The importance of Fair Art 2030 from my perspective as founder of All SHE Makes is that I truly view our participation and effort in creating impact on a bigger scale as an honor. It's one of the things I'm most proud of. The Fair Art Pledge is only the beginning of many more positive changes to come. The fact that our organization gets to collaborate with other change-makers, who share the same goal of increasing visibility for underrepresented artists, is truly a dream come true.

Beyond greater diversity (which, of course, is very important), what changes do you think the art world at large will see as a result of committing to change and striving to be more inclusive?

I think there will be more unity. More awareness of the problem creates an inevitable desire to do something about it. Once art institutions see their peers participating and taking part in creating change, we hope that it will enable a much-needed domino effect in making a contrast from how the art world is operating currently. There is still a lot of secrecy, elitism, and separation right now. I hope that by creating a common goal, we can all come together and work for the greater good, whatever that may look like.

I'm also looking at it realistically. As with any organizational change, it takes a great effort to actually shift the culture within these institutions. I think that committing to any pledge is a first-step in the right direction.

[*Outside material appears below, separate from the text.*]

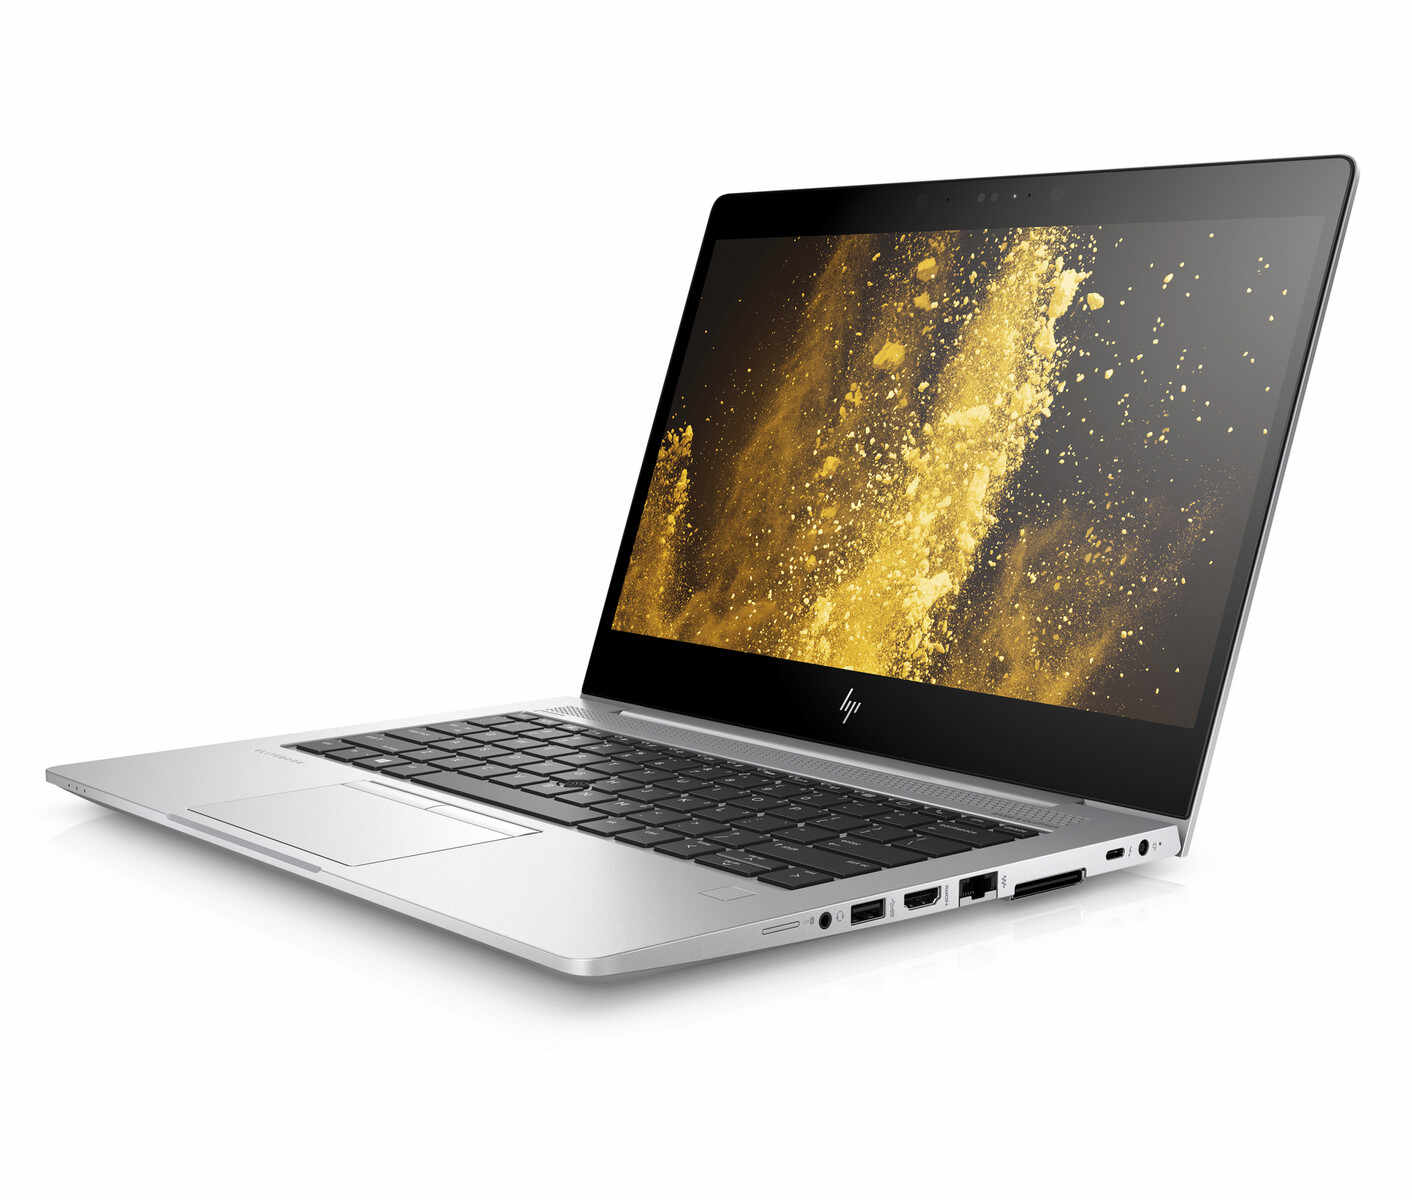 Laptop Second Hand HP EliteBook 830 G5, Intel Core i5-8350U 1.70 - 3.60GHz, 8GB DDR4, 240GB SSD, 13.3 Inch Full HD IPS, Webcam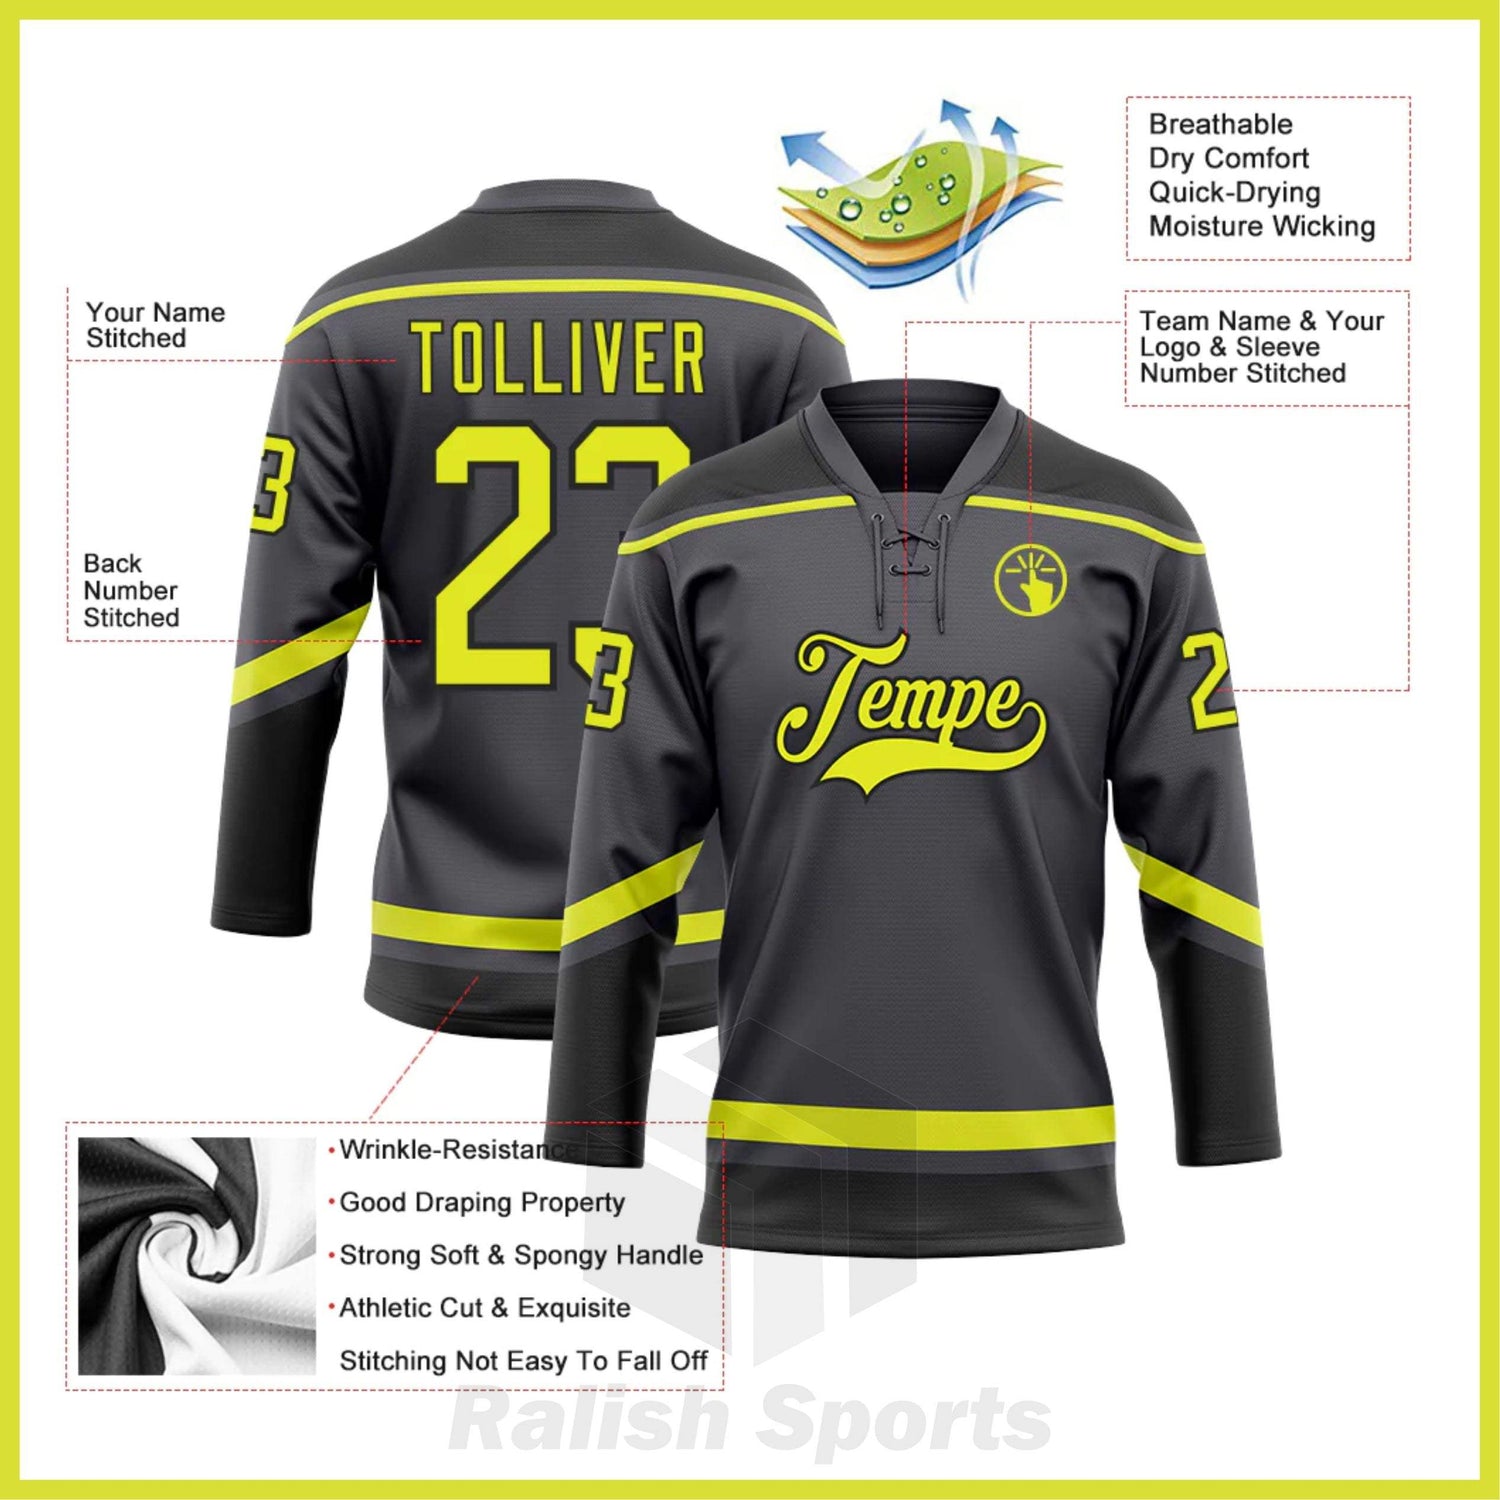 Custom Steel Gray Neon Yellow-Black Hockey Lace Neck Jersey - Ralish Sports

The way the Fair Art 2030 Pledge is set up, institutions report back with the results of their efforts periodically. It's not just a “sign it, get a sticker, and forget it” type of deal. This adds a new layer of inherent goals for those involved across various organizational levels. As societal demands are changing, thinking of diversity and inclusion will breed more responsibility across other aspects of people's lives.